I also know how high school English teachers run book clubs, for they are trained. Knowing how book clubs are run, I have no problem with almost any book being used in a high school course. |
Not as class reading. You were not discussing those books in class. |
In FCPS, each school has a wide selection of committee-approved titles from which teachers can choose for their class. The titles chosen generally revolve around a central theme, and teachers usually offer a handful of choices. The curriculum does not dictate that any one title is used. |
It’s only a decent analogy if you require them to read porn and then discuss what they read with their peers and write about it. |
I went to a small, academically advanced private school. We read a whole host of books, including many with explicit content (I can think of rape, bestiality, incest, and female sexual awakenings, among other content). We didn't read them for the sex - we read them for the complexity of themes and experiences to discuss, as well as the literary style - but the sex was there. Maybe less academic schools weren't focused on complex texts? I'm just shocked other people supposedly weren't reading great works, sex and all, in HS. Or maybe I'm shocked that masturbation seems taboo to you for teens? I mean - your teen is *definitely* masturbating. And thinking about sex and watching about sex and talking about sex, if they're not already having sex. |
woke doesn't mean what you think it means, dumba$$. Have you seriously never engaged in masturbation or heavy petting? Maybe you should. |
Yes, we absolutely were. Every single one of those was required reading. |
I might ask for an alternate book just to avoid reading a novel in verse, which my kid hates as much as I do.
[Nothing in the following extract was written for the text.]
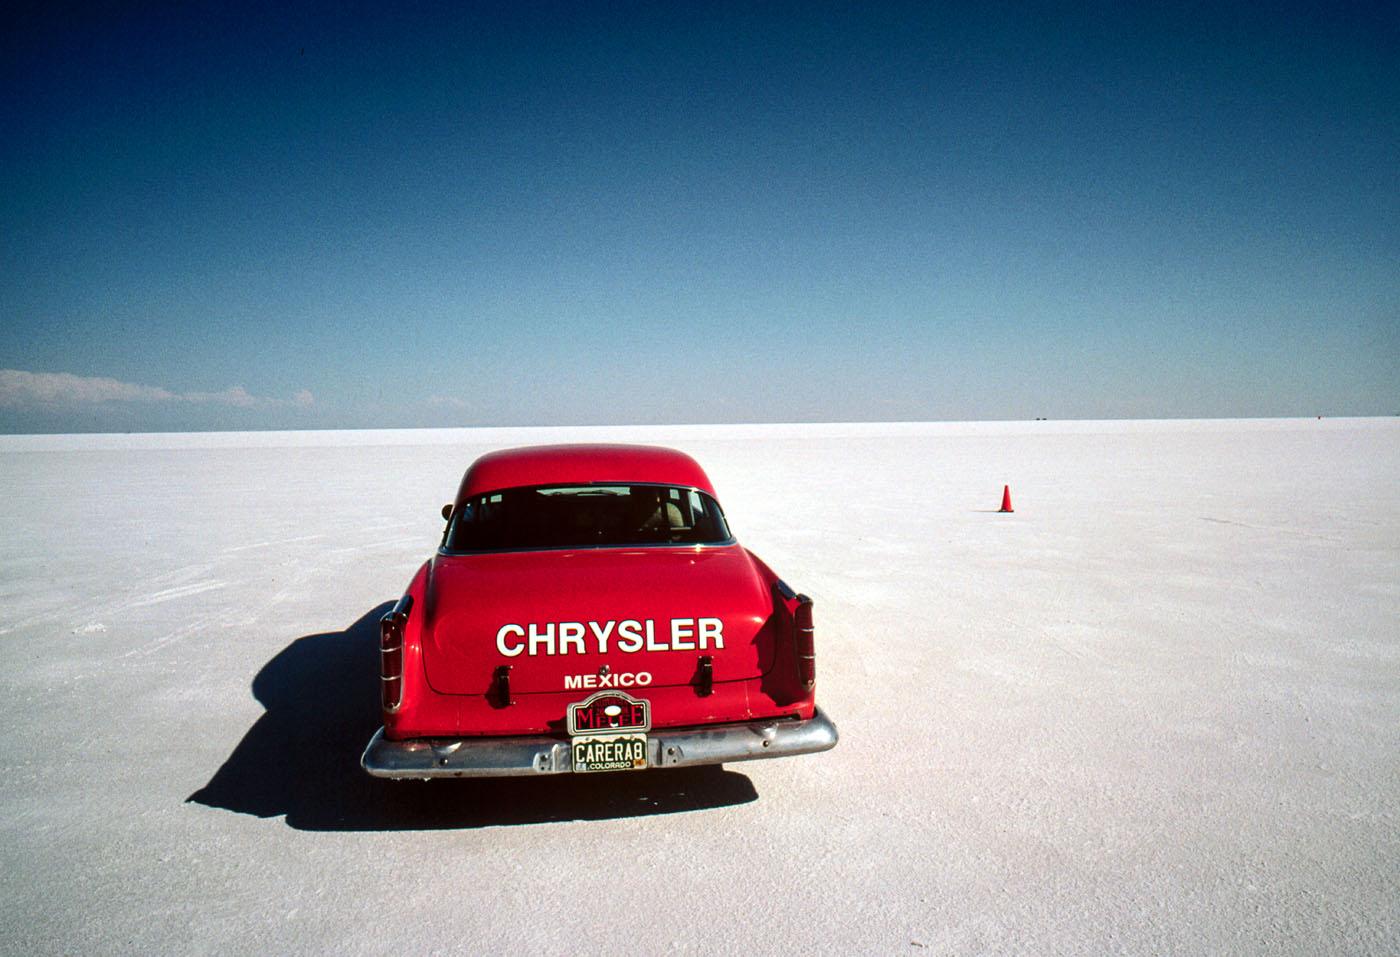 55 Chrysler, Bonneville

I'm very left wing, but I'm actually a little disappointed that the schools are trending so hard away from reading the classics. I feel like kids will have lots of opportunities to read the controversial new lit-crit darling books. But when will they read The Grapes of Wrath, or The Crucible, Slaughterhouse Five, or Long Day's Journey Into Night, or anything by Hemingway or Wharton? (Seems like some of the classics, like Ray Bradbury, George Orwell and Toni Morrison continue to be popular among schools.) I subscribe to the "Make New Friends, But Keep the Old" theory of literature -- I feel like we are tossing out all the old friends. It would be easier to mix in the new ones if kids read 6 novels a year, but it seems like a lot of classes really only have 2-3, plus maybe some poems or short stories. |
And we had a 100 percent graduation and college attendance rate and sent students to Harvard, Yale, Stanford,. Princeton, etc every year |
I remember my friend and I sneaking into the library’s Young Adult fiction to read Judy Blume’s “Forever” when I was in the sixth grade. This was after I had asked the children’s librarian why it wasn’t there and she said it was for older girls and not me. Made me go read it faster.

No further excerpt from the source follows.